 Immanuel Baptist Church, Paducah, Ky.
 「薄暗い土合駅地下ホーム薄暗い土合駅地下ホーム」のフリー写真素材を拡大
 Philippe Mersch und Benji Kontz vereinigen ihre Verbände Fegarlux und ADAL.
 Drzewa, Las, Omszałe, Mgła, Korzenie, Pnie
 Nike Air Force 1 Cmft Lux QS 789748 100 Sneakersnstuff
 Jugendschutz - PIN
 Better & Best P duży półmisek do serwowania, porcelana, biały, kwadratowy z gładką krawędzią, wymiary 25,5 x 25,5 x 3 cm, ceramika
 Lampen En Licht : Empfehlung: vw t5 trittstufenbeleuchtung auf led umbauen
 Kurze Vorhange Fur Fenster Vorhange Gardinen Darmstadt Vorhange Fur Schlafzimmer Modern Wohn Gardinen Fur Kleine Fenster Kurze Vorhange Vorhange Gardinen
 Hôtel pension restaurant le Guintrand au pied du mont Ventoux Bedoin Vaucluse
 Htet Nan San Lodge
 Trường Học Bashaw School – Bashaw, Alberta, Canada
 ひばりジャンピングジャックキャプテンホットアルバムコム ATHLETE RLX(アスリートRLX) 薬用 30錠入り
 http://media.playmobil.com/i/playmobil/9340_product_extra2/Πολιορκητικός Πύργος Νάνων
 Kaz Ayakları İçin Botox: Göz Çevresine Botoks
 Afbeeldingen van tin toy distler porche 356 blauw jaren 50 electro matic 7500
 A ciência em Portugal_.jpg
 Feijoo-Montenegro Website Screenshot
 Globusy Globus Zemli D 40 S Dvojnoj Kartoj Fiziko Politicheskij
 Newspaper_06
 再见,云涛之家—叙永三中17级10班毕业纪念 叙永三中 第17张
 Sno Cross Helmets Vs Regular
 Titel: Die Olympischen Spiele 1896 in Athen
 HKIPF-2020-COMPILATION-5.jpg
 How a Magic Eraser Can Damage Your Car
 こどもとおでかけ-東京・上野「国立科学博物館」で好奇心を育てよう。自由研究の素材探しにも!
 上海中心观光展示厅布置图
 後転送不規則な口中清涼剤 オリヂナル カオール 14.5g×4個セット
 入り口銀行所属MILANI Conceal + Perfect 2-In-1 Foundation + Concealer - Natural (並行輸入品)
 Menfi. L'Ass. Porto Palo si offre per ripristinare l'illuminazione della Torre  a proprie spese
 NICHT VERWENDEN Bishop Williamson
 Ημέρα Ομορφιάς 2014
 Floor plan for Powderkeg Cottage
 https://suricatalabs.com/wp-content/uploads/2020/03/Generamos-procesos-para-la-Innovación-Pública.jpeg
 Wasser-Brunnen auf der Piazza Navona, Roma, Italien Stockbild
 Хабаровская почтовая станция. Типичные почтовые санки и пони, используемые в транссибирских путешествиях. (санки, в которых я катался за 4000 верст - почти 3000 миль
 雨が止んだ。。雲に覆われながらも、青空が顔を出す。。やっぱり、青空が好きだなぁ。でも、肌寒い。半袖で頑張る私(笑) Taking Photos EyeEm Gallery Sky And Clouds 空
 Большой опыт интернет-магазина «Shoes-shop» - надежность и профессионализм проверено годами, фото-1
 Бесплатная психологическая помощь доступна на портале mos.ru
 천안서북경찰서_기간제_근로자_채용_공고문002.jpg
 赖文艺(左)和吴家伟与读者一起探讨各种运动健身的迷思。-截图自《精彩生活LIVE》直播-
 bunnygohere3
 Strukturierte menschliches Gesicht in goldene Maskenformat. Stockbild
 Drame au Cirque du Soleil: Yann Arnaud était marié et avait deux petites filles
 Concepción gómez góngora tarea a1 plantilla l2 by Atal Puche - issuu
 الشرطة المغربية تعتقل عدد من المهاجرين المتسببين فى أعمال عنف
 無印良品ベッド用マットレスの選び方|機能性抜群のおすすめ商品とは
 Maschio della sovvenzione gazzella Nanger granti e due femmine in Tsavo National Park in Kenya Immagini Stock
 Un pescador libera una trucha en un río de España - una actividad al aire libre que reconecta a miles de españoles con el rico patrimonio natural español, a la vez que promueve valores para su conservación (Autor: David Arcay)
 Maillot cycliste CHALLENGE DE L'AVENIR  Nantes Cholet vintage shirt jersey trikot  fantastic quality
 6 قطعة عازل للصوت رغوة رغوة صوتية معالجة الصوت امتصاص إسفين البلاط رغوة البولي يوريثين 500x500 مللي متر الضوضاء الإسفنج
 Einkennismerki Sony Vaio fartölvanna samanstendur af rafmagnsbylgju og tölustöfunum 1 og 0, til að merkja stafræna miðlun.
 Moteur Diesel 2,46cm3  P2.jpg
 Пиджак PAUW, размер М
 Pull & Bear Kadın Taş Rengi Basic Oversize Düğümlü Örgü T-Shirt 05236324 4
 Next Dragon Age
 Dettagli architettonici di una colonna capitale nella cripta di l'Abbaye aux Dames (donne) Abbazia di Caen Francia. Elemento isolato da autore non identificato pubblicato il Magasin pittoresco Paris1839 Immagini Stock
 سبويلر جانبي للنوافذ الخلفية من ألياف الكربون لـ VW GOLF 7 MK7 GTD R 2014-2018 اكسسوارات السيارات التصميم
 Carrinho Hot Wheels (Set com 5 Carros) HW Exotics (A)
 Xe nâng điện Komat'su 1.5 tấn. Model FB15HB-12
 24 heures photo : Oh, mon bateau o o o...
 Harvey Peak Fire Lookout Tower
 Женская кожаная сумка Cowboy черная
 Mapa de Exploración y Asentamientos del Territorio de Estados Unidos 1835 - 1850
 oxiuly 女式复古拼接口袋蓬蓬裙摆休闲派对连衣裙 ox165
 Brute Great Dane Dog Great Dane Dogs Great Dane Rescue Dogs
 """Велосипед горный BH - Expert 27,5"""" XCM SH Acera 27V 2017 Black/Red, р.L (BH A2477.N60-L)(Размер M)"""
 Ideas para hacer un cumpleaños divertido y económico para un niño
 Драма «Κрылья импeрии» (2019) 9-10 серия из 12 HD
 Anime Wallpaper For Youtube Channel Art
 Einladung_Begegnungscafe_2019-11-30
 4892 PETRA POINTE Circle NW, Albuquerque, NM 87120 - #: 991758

_DIRECTIONS:_ The material must be duplicated in full, with each line kept exact.

_WRITTEN ANSWER:_
 Immanuel Baptist Church, Paducah, Ky.
 「薄暗い土合駅地下ホーム薄暗い土合駅地下ホーム」のフリー写真素材を拡大
 Philippe Mersch und Benji Kontz vereinigen ihre Verbände Fegarlux und ADAL.
 Drzewa, Las, Omszałe, Mgła, Korzenie, Pnie
 Nike Air Force 1 Cmft Lux QS 789748 100 Sneakersnstuff
 Jugendschutz - PIN
 Better & Best P duży półmisek do serwowania, porcelana, biały, kwadratowy z gładką krawędzią, wymiary 25,5 x 25,5 x 3 cm, ceramika
 Lampen En Licht : Empfehlung: vw t5 trittstufenbeleuchtung auf led umbauen
 Kurze Vorhange Fur Fenster Vorhange Gardinen Darmstadt Vorhange Fur Schlafzimmer Modern Wohn Gardinen Fur Kleine Fenster Kurze Vorhange Vorhange Gardinen
 Hôtel pension restaurant le Guintrand au pied du mont Ventoux Bedoin Vaucluse
 Htet Nan San Lodge
 Trường Học Bashaw School – Bashaw, Alberta, Canada
 ひばりジャンピングジャックキャプテンホットアルバムコム ATHLETE RLX(アスリートRLX) 薬用 30錠入り
 http://media.playmobil.com/i/playmobil/9340_product_extra2/Πολιορκητικός Πύργος Νάνων
 Kaz Ayakları İçin Botox: Göz Çevresine Botoks
 Afbeeldingen van tin toy distler porche 356 blauw jaren 50 electro matic 7500
 A ciência em Portugal_.jpg
 Feijoo-Montenegro Website Screenshot
 Globusy Globus Zemli D 40 S Dvojnoj Kartoj Fiziko Politicheskij
 Newspaper_06
 再见,云涛之家—叙永三中17级10班毕业纪念 叙永三中 第17张
 Sno Cross Helmets Vs Regular
 Titel: Die Olympischen Spiele 1896 in Athen
 HKIPF-2020-COMPILATION-5.jpg
 How a Magic Eraser Can Damage Your Car
 こどもとおでかけ-東京・上野「国立科学博物館」で好奇心を育てよう。自由研究の素材探しにも!
 上海中心观光展示厅布置图
 後転送不規則な口中清涼剤 オリヂナル カオール 14.5g×4個セット
 入り口銀行所属MILANI Conceal + Perfect 2-In-1 Foundation + Concealer - Natural (並行輸入品)
 Menfi. L'Ass. Porto Palo si offre per ripristinare l'illuminazione della Torre  a proprie spese
 NICHT VERWENDEN Bishop Williamson
 Ημέρα Ομορφιάς 2014
 Floor plan for Powderkeg Cottage
 https://suricatalabs.com/wp-content/uploads/2020/03/Generamos-procesos-para-la-Innovación-Pública.jpeg
 Wasser-Brunnen auf der Piazza Navona, Roma, Italien Stockbild
 Хабаровская почтовая станция. Типичные почтовые санки и пони, используемые в транссибирских путешествиях. (санки, в которых я катался за 4000 верст - почти 3000 миль
 雨が止んだ。。雲に覆われながらも、青空が顔を出す。。やっぱり、青空が好きだなぁ。でも、肌寒い。半袖で頑張る私(笑) Taking Photos EyeEm Gallery Sky And Clouds 空
 Большой опыт интернет-магазина «Shoes-shop» - надежность и профессионализм проверено годами, фото-1
 Бесплатная психологическая помощь доступна на портале mos.ru
 천안서북경찰서_기간제_근로자_채용_공고문002.jpg
 赖文艺(左)和吴家伟与读者一起探讨各种运动健身的迷思。-截图自《精彩生活LIVE》直播-
 bunnygohere3
 Strukturierte menschliches Gesicht in goldene Maskenformat. Stockbild
 Drame au Cirque du Soleil: Yann Arnaud était marié et avait deux petites filles
 Concepción gómez góngora tarea a1 plantilla l2 by Atal Puche - issuu
 الشرطة المغربية تعتقل عدد من المهاجرين المتسببين فى أعمال عنف
 無印良品ベッド用マットレスの選び方|機能性抜群のおすすめ商品とは
 Maschio della sovvenzione gazzella Nanger granti e due femmine in Tsavo National Park in Kenya Immagini Stock
 Un pescador libera una trucha en un río de España - una actividad al aire libre que reconecta a miles de españoles con el rico patrimonio natural español, a la vez que promueve valores para su conservación (Autor: David Arcay)
 Maillot cycliste CHALLENGE DE L'AVENIR  Nantes Cholet vintage shirt jersey trikot  fantastic quality
 6 قطعة عازل للصوت رغوة رغوة صوتية معالجة الصوت امتصاص إسفين البلاط رغوة البولي يوريثين 500x500 مللي متر الضوضاء الإسفنج
 Einkennismerki Sony Vaio fartölvanna samanstendur af rafmagnsbylgju og tölustöfunum 1 og 0, til að merkja stafræna miðlun.
 Moteur Diesel 2,46cm3  P2.jpg
 Пиджак PAUW, размер М
 Pull & Bear Kadın Taş Rengi Basic Oversize Düğümlü Örgü T-Shirt 05236324 4
 Next Dragon Age
 Dettagli architettonici di una colonna capitale nella cripta di l'Abbaye aux Dames (donne) Abbazia di Caen Francia. Elemento isolato da autore non identificato pubblicato il Magasin pittoresco Paris1839 Immagini Stock
 سبويلر جانبي للنوافذ الخلفية من ألياف الكربون لـ VW GOLF 7 MK7 GTD R 2014-2018 اكسسوارات السيارات التصميم
 Carrinho Hot Wheels (Set com 5 Carros) HW Exotics (A)
 Xe nâng điện Komat'su 1.5 tấn. Model FB15HB-12
 24 heures photo : Oh, mon bateau o o o...
 Harvey Peak Fire Lookout Tower
 Женская кожаная сумка Cowboy черная
 Mapa de Exploración y Asentamientos del Territorio de Estados Unidos 1835 - 1850
 oxiuly 女式复古拼接口袋蓬蓬裙摆休闲派对连衣裙 ox165
 Brute Great Dane Dog Great Dane Dogs Great Dane Rescue Dogs
 """Велосипед горный BH - Expert 27,5"""" XCM SH Acera 27V 2017 Black/Red, р.L (BH A2477.N60-L)(Размер M)"""
 Ideas para hacer un cumpleaños divertido y económico para un niño
 Драма «Κрылья импeрии» (2019) 9-10 серия из 12 HD
 Anime Wallpaper For Youtube Channel Art
 Einladung_Begegnungscafe_2019-11-30
 4892 PETRA POINTE Circle NW, Albuquerque, NM 87120 - #: 991758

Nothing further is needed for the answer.